Thursday 21 February 2008

Juno: love in a broken world

So it seems like everyone is going to see Juno, including me!

I really enjoyed the film. As others have noted, the screen-play is really well written. I loved some of the witty one liners (especially early in the film) and the characterisation was good too.

I guess that the film is really all about love. Like many more 'postmodern' films of late, though, Juno doesn't idealise the world in which we live. Perhaps the most poignant part of the film is where the lead character, Juno, asks her father about true love. His answer is this: "In my opinion, the best thing you can do is to find a person who loves you for exactly who you are. Good mood, bad mood, ugly, pretty, handsome, what have you, the right person will still think that the sun shines out your ass. That's the kind of person that's worth sticking with." And yet this is juxtaposed alongside a tinge of sadness: Juno's father freely admits that he's made mistakes in the past, and is himself in his second marriage. Elsewhere in the film, we see portrayals of divorce and separation - and yet still glimmers of hope through love.

Of course, all this is true. It's true that we do live in a broken world, but as people still retaining something of God's image, we still have the capacity to love and to be loved, despite the fact that we all are hurt by and hurt others.

But my major gripe with the film is still the idea that love conquers all. As Juno gives away her baby, as another couple separate, as one woman starts a life of single motherhood, everything is still presented with a rosy glow. It's true that love is still a massive part of our existence, but so is pain caused by broken relationships. When we experience something short of what Juno's father speaks of (and inevitably we do), it really hurts. And that's something that is glossed over by what is an otherwise excellent film.

5 comments:

Unknown said...

Yeah, I am everyone!

I agree the ending was a bit dissatisfactory. I was pondering how else it could have been done...

peterdray said...

Everyone that counts :)

Dave K said...

As another part of 'everyone' I'm I'm a bit more positive about the film. I really loved it.

I don't think that it depicts love conquering all in such a way that the slate is wiped clean. The note from Juno to Vanessa ('if you're still in, I'm still in') written on crumpled a laundry receipt and which Vanessa frames in the nursery shows that the past pain is not glossed over but ever-present. As you say Juno's child will still grow up not knowing his/her (I can't remember) mother and in a single parent family.

To get through life, and love, requires real grit and gumption. Juno has it which is what distinguishes her from Mark who can't grow up. It also requires love. But although love really does cover a multitude of sins the sins are not forgotten, the pain lingers, and the future is uncertain for the couple in love singing on the front step.
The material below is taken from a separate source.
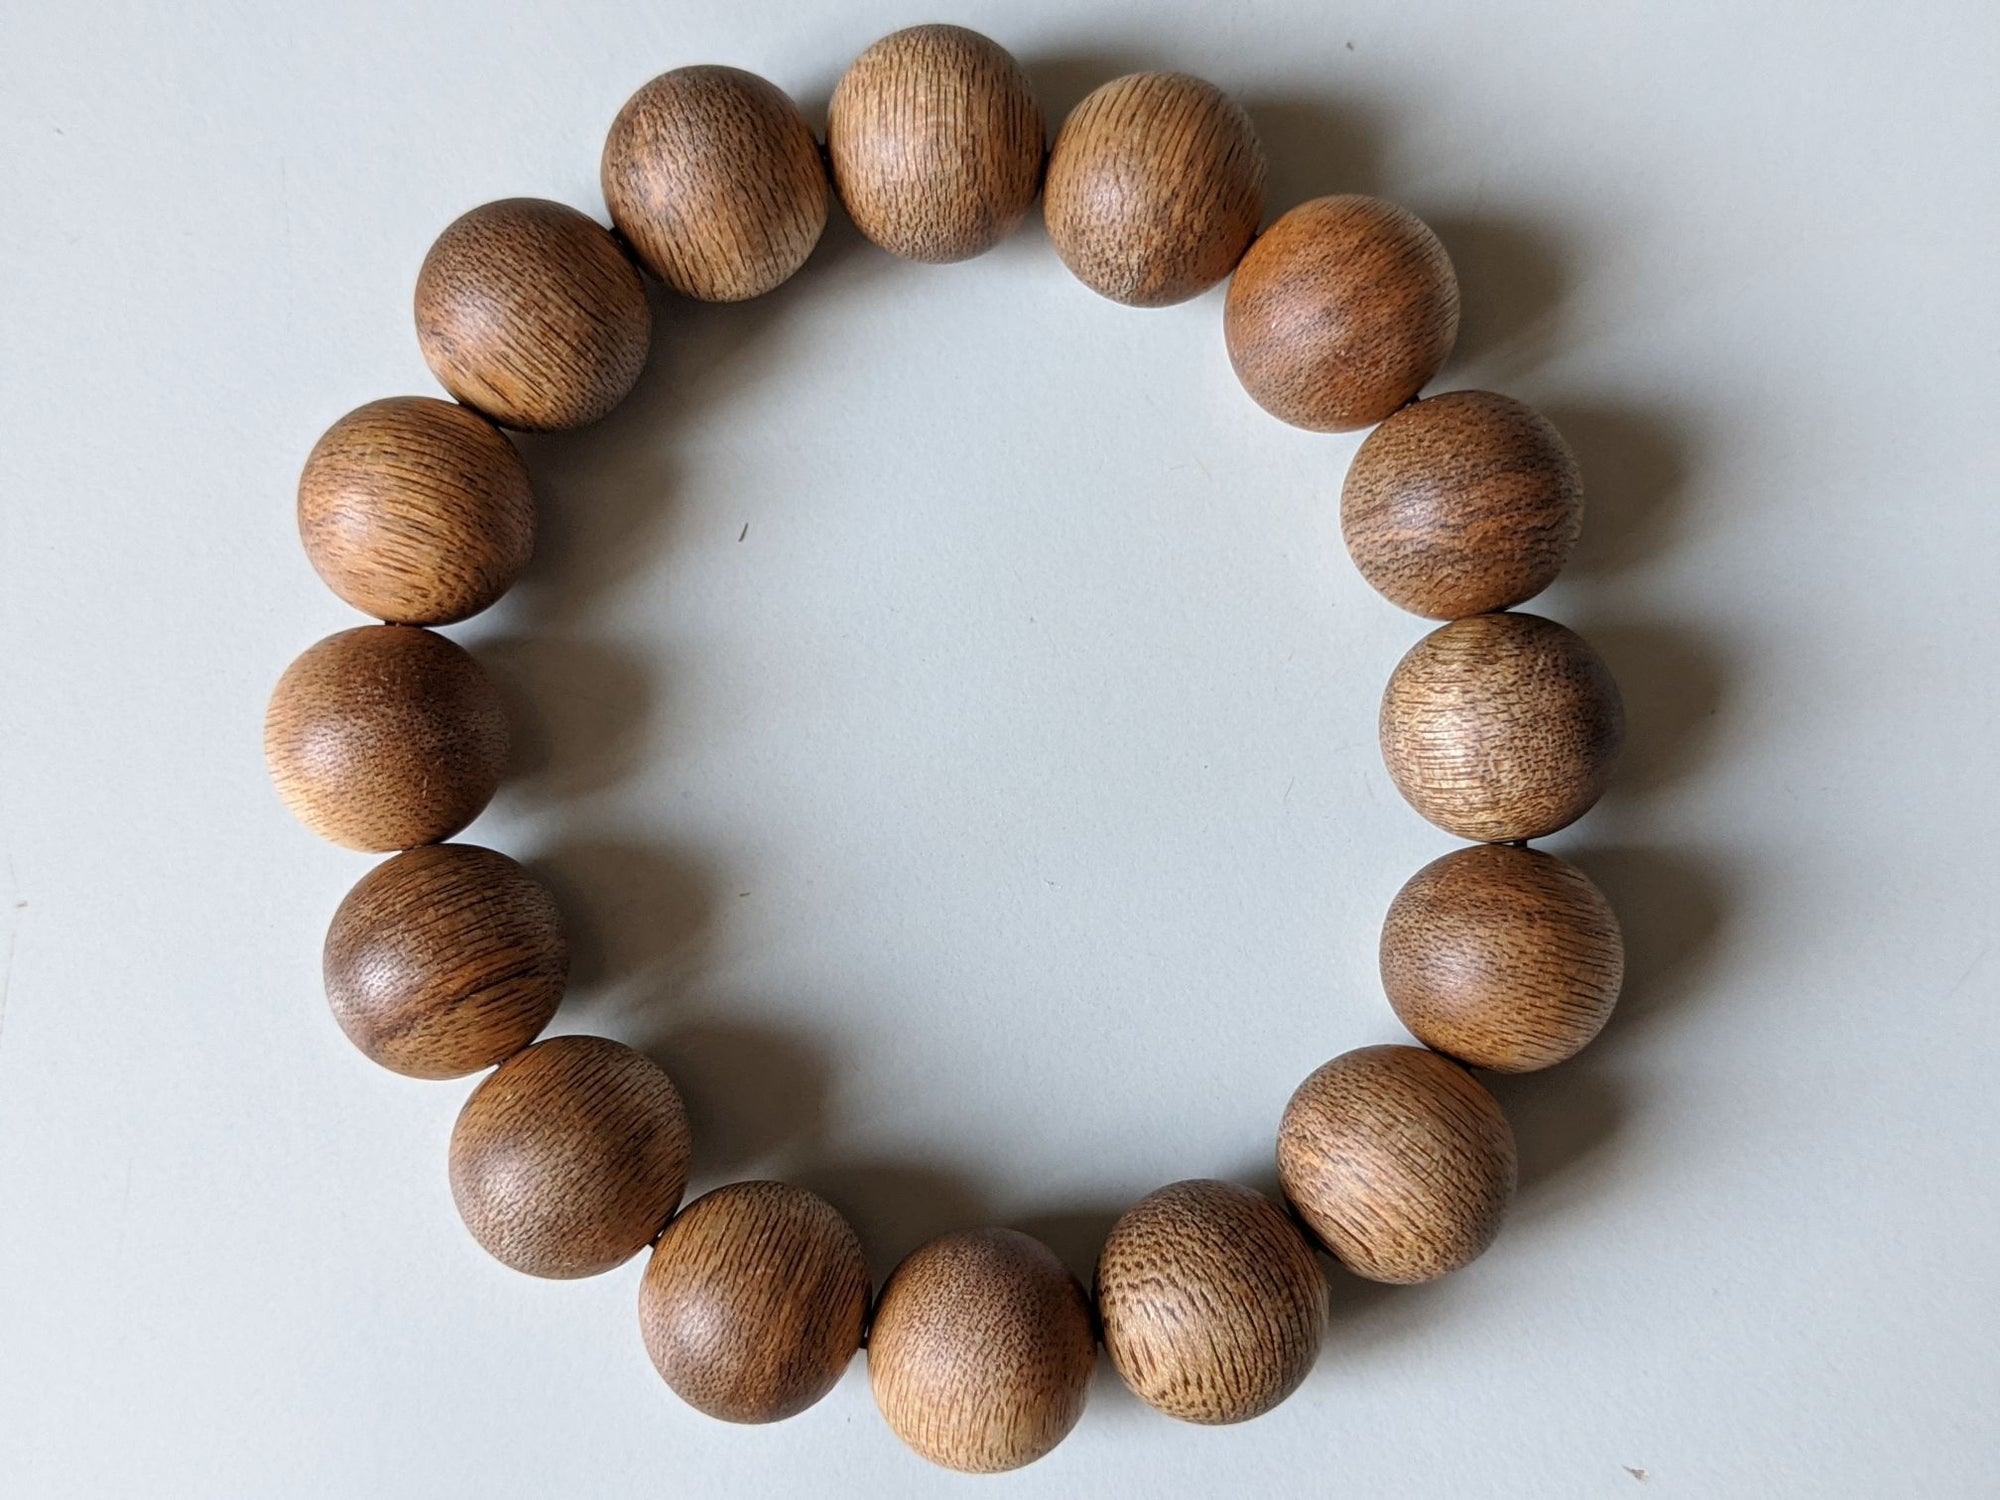 The GGG, Premium Cultivated Agarwood 108 Mala and/or Bracelet - Cultivated beads with wild agarwood quality - 14mm Agarwood Bracelet 16 beads 11g

Maybe I'm just too much of a romantic!

peterdray said...

Dave K - you may be right. Perhaps I'm being too harsh. I guess I found the Vanessa-Mark split too clinical (where both experienced forms of 'freedom'), as well as the scene where Vanessa picks up the newborn baby. However, it's also true that the viewer's opinion of Vanessa changes as the film goes on... perhaps I'm being too harsh.

I also think that the closing scene implied that Juno and Paul had their own house (as Bren at last has a dog!) - an overly romanticised view of two teenagers setting out together?

A great film overall anyway, and far more thought-provoking than many :)

Dave K said...

I also think that the closing scene implied that Juno and Paul had their own house (as Bren at last has a dog!) - an overly romanticised view of two teenagers setting out together?

Ooo I didn't spot that!

Perhaps I was too soft!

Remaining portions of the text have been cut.